Inflammation is a very prominent response to TNF-α. There are four typical signs of inflammation: erythema (redness), heat, swelling, and pain. These are a consequence of increased blood flow and capillary permeability, the influx of phagocytic cells, and tissue damage. Increased blood flow is caused by constriction of the capillaries that carry blood away from the infected area, and leads to engorgement of the capillary network. Erythema and an increase in tissue temperature accompany capillary constriction. In addition, the permeability of capillaries increases, allowing cells and fluid to leave and enter the surrounding tissue. These fluids have a higher protein content than the fluids normally found in tissues, causing swelling.
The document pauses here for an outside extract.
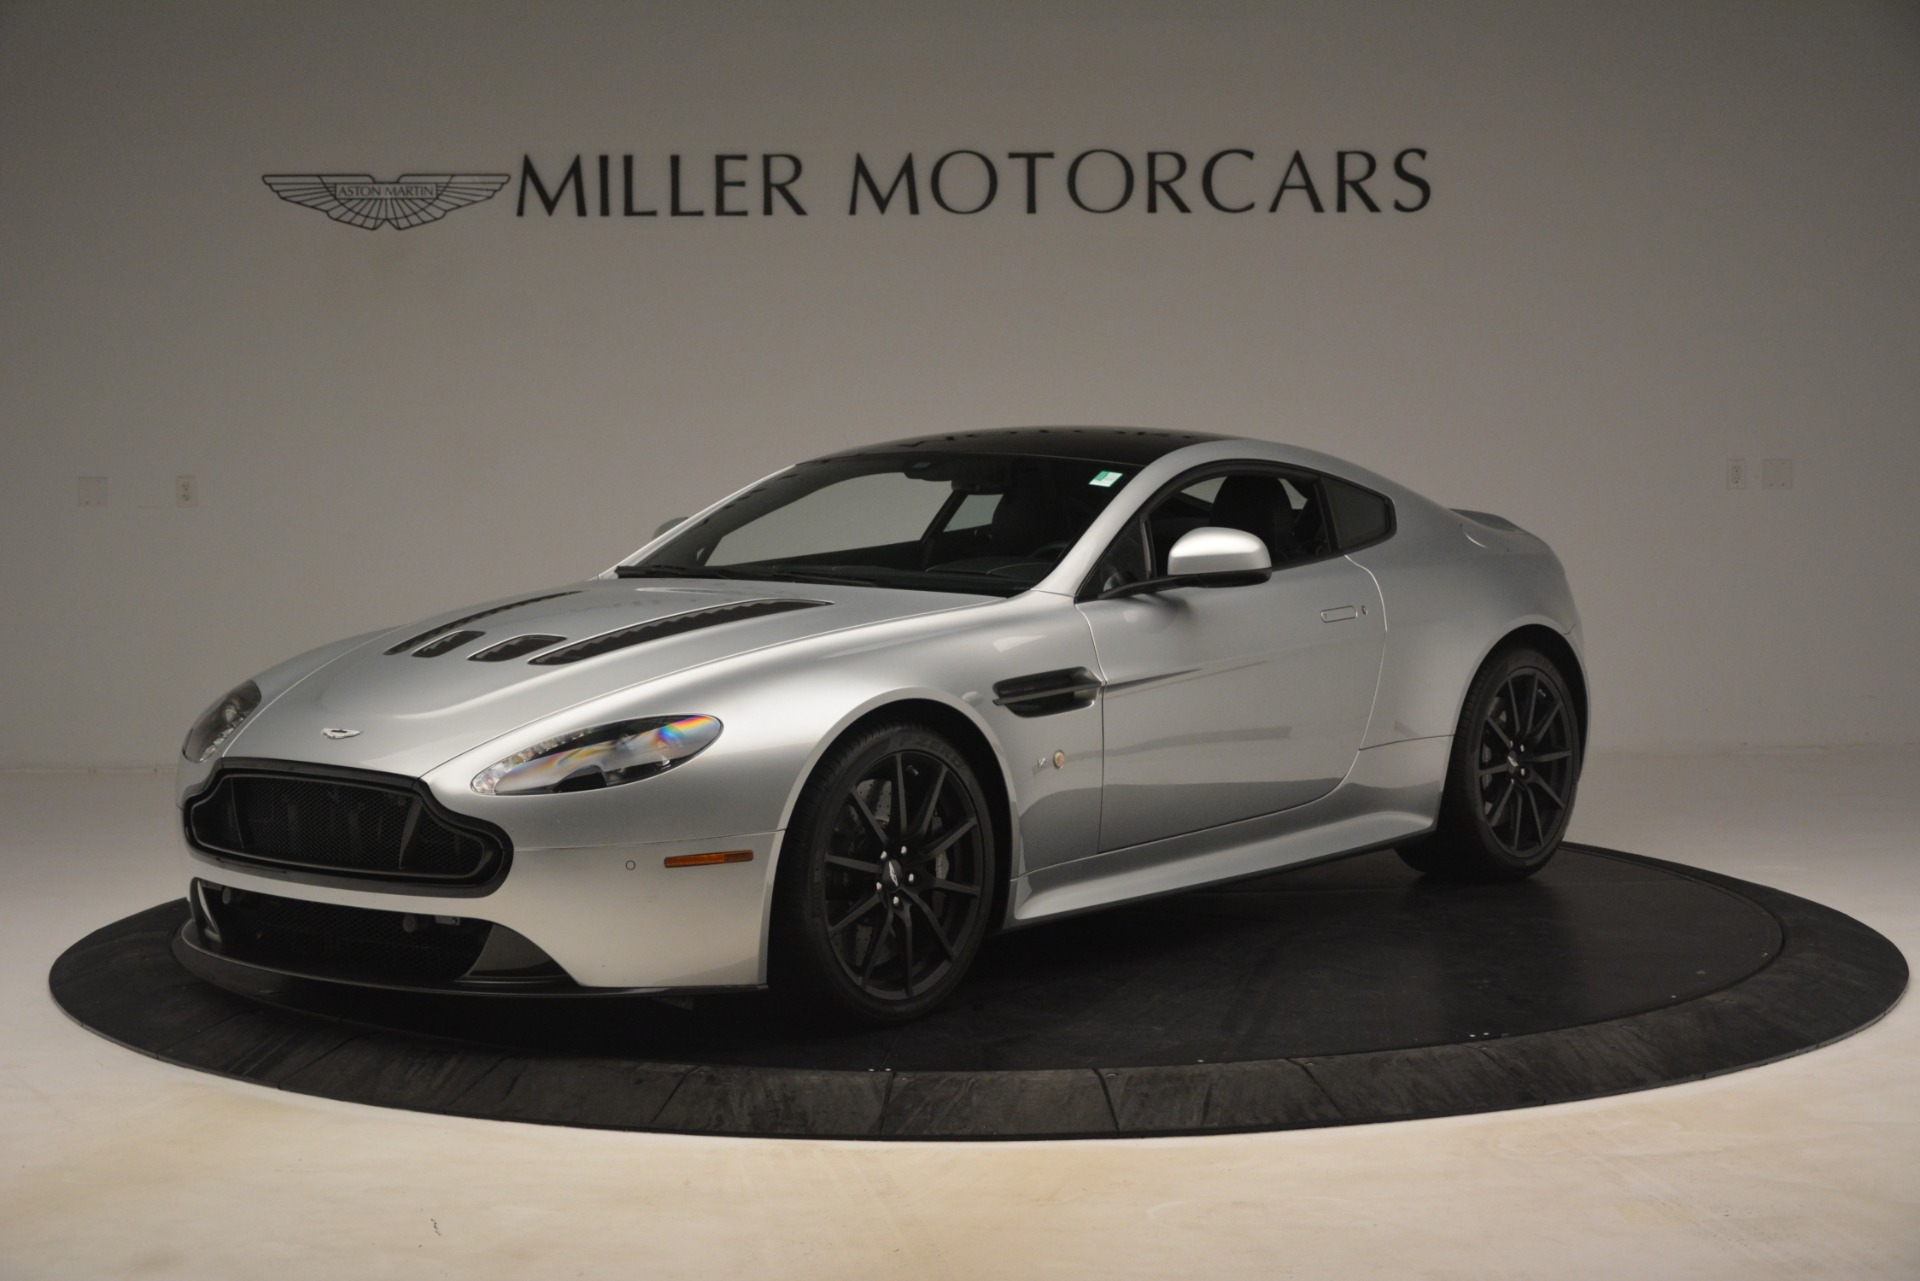 Used 2015 Aston Martin V12 Vantage S Coupe for sale Sold at Bentley Greenwich in Greenwich CT 06830 1

Another feature of inflammation is the presence of immune cells, largely mononuclear phagocytes, which are attracted to the infected area by cytokines. Neutrophils are one of the earliest types of phagocytic cells that enter a site of infection, and are classic markers of the inflammatory response (illustrated). These cells are abundant in the blood, and usually absent from tissues. Together with infected cells, dendritic cells, and macrophages, they produce cytokines that can further shape the response to infection, and also modulate the adaptive response that may follow.
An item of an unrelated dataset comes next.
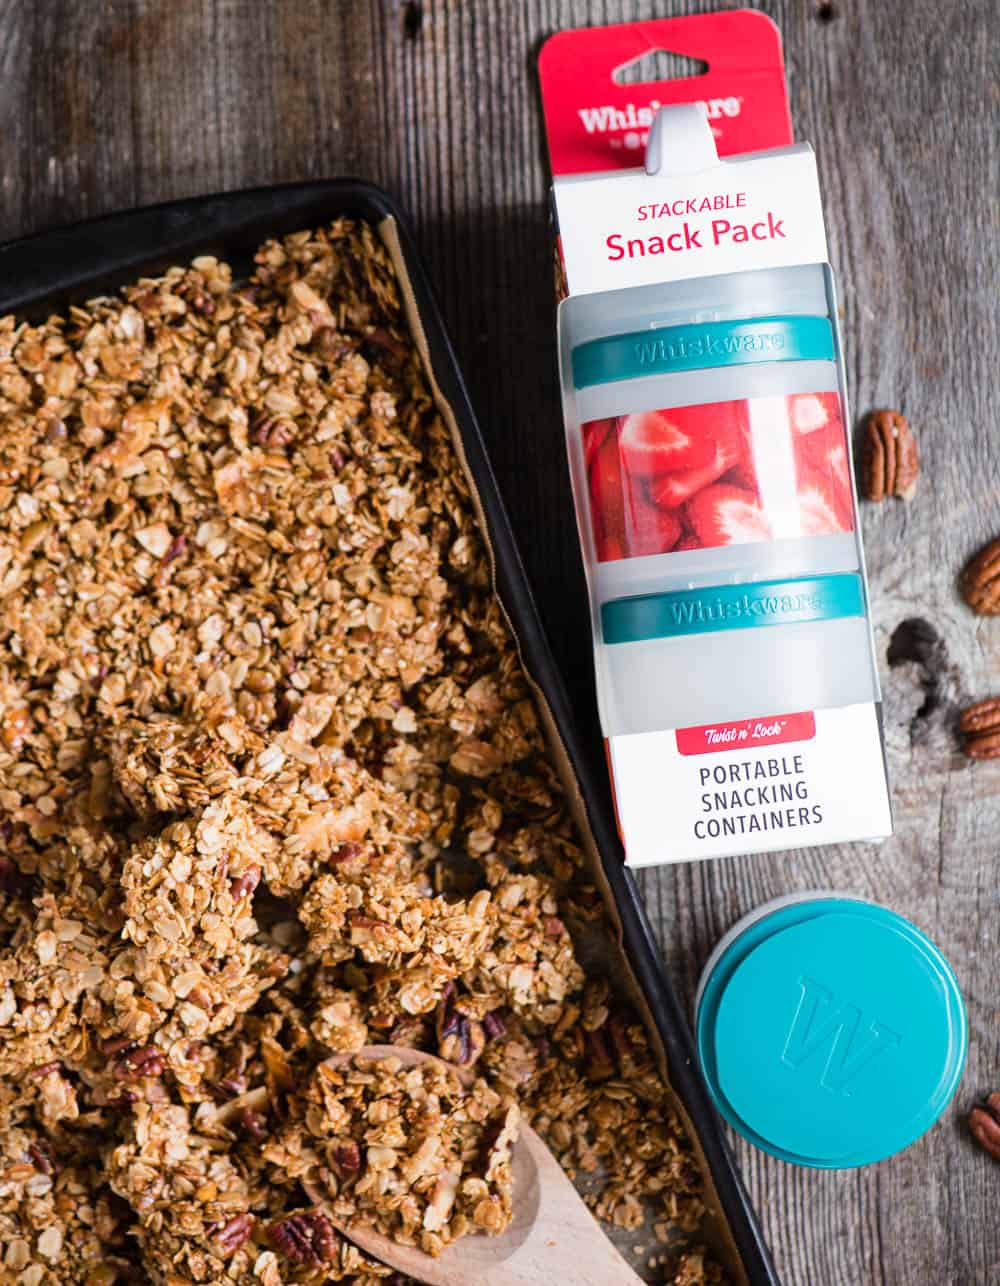 whiskware snack pack and granola

The precise nature of the inflammatory response depends upon the virus and the tissue that is infected. Viruses that do not kill cells – noncytopathic viruses – do not induce a strong inflammatory response. Because the cells and proteins of the inflammatory response come from the bloodstream, tissues with reduced access to the blood do not undergo the destruction associated with inflammation. However, the outcome of infection in such ‘privileged’ sites – the brain, for example – may be very different compared with other tissues.

As expected, the inflammatory response is highly regulated. One of the critical components is the ‘inflammasome’ – very large cytoplasmic structure with properties of pattern receptors and initiators of signaling (e.g. MDA-5 and RIG-I). Recent experimental findings demonstrate that the inflammasome is critical in innate immune response to influenza virus infection, and in moderating lung pathology in influenza pneumonia.

Thomas, P., Dash, P., Aldridge Jr., J., Ellebedy, A., Reynolds, C., Funk, A., Martin, W., Lamkanfi, M., Webby, R., & Boyd, K. (2009). The Intracellular Sensor NLRP3 Mediates Key Innate and Healing Responses to Influenza A Virus via the Regulation of Caspase-1 Immunity, 30 (4), 566-575 DOI: 10.1016/j.immuni.2009.02.006

Allen, I., Scull, M., Moore, C., Holl, E., McElvania-TeKippe, E., Taxman, D., Guthrie, E., Pickles, R., & Ting, J. (2009). The NLRP3 Inflammasome Mediates In Vivo Innate Immunity to Influenza A Virus through Recognition of Viral RNA Immunity, 30 (4), 556-565 DOI: 10.1016/j.immuni.2009.02.005

13 thoughts on “The inflammatory response”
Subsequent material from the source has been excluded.